Dr. Charles J. Lowenstein
clowenst@jhmi.edu, 410-955-1530

 
Laboratory Location:950 Ross Building / 720 Rutland Avenue
Baltimore, MD 21205
Research Focus:

Dr. Lowenstein's research focuses on the regulation of vascular inflammation and thrombosis. 

Endothelial cells respond to vascular injury by activating the exocytosis of endothelial granules, Weibel-Palade bodies, that release pro-thrombotic and pro-inflammatory  mediators into the blood.  Our laboratory discovered the identity of the proteins that mediate endothelial exocytosis, including members of the SNARE family and NSF.  We then discovered that nitric oxide (NO) regulates vascular inflammation by chemically modifying NSF, thereby inhibiting exocytosis (Matsushita et al.  Cell  2003).  This discovery has profound biological significance.  NO may regulate exocytosis in a variety of physiological processes, including vascular inflammation, neurotransmission, thrombosis, and cytotoxic T lymphocyte cell killing.

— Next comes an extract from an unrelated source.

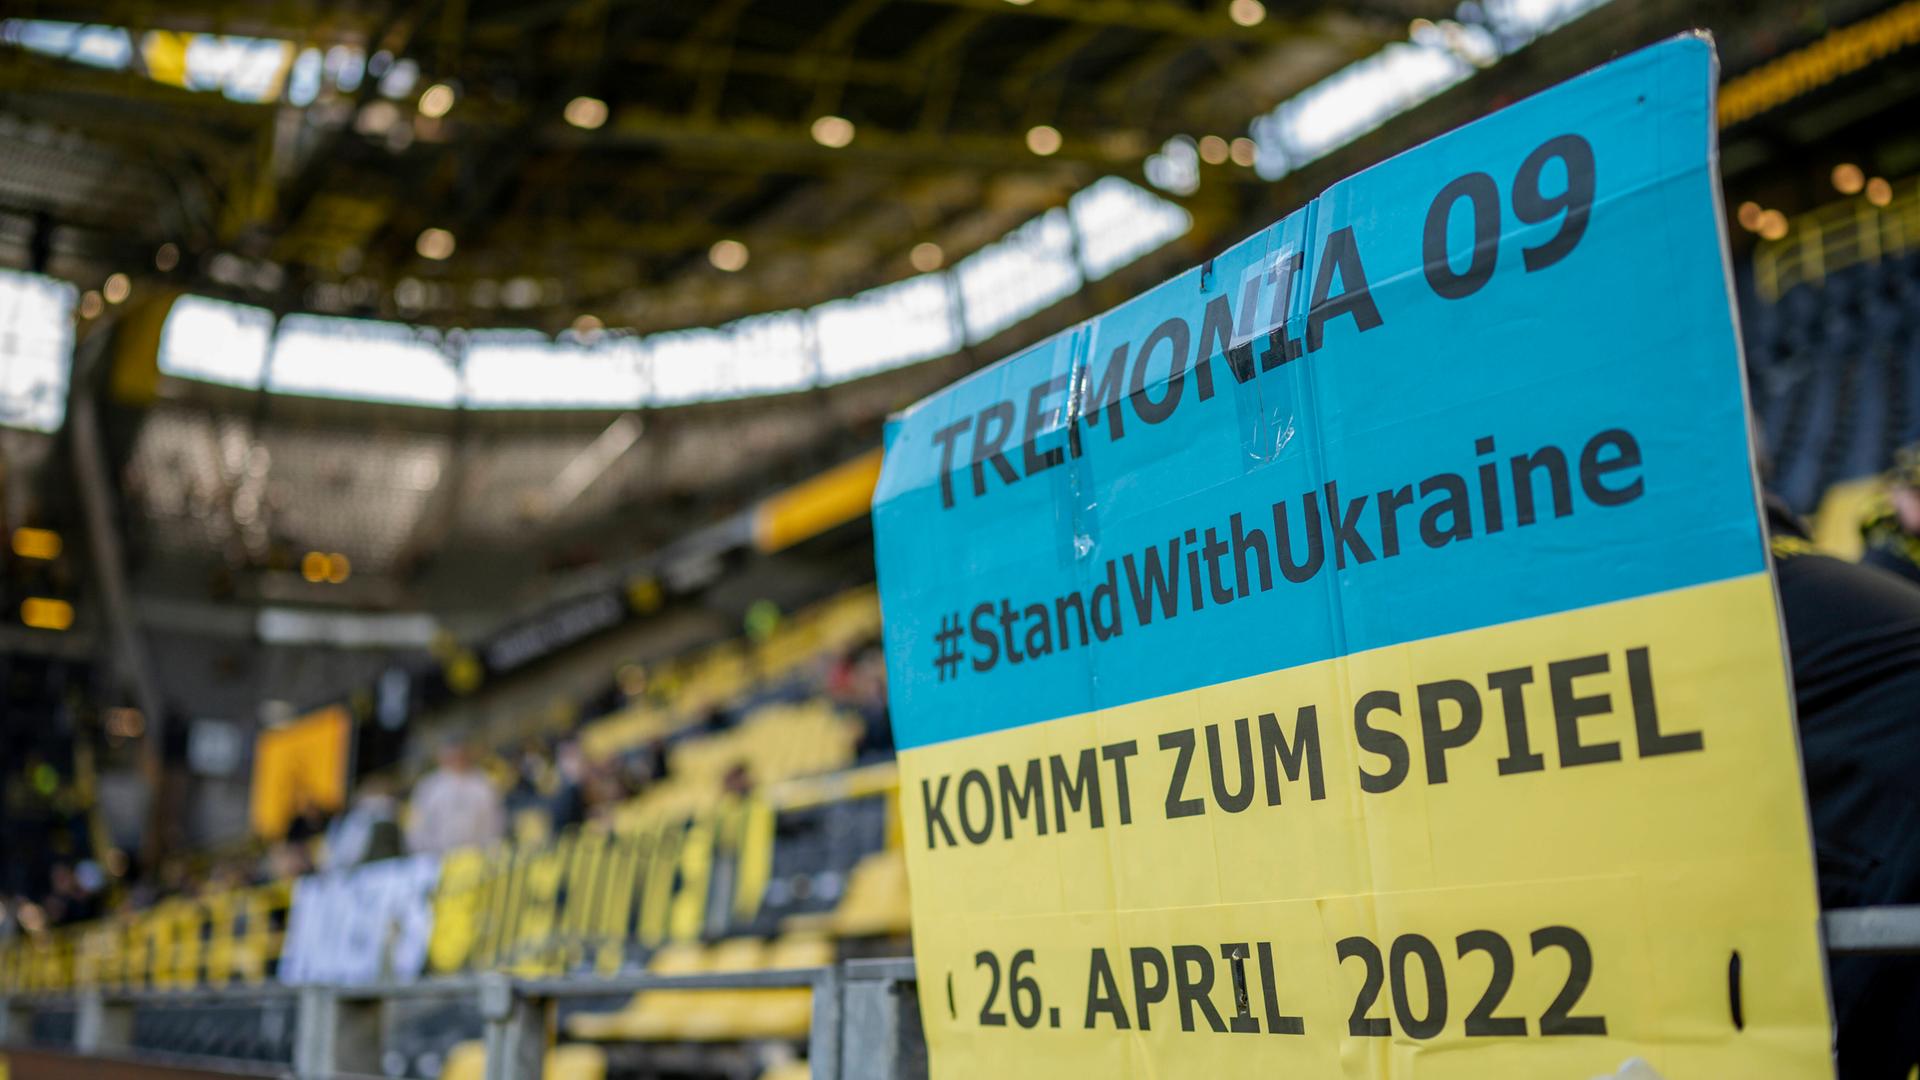 Ein Poster im Dortmunder Stadion ruft auf, zum Benefizspiel gegen Dynamo Kiew zu kommen.

Granule exocytosis is also a critical step in platelet activation.  We have  found that NO inhibits thrombosis in part by decreasing platelet exocytosis of alpha-granules, dense granules, and lysosomal granules (Morrell et al. Proc Natl Acad Sci U S A. 2005).  Current projects now explore the mechanisms by which NO and other neurotransmitters regulate platelet activation.

We have  also developed novel drugs that inhibit vascular inflammation by blocking endothelial exocytosis.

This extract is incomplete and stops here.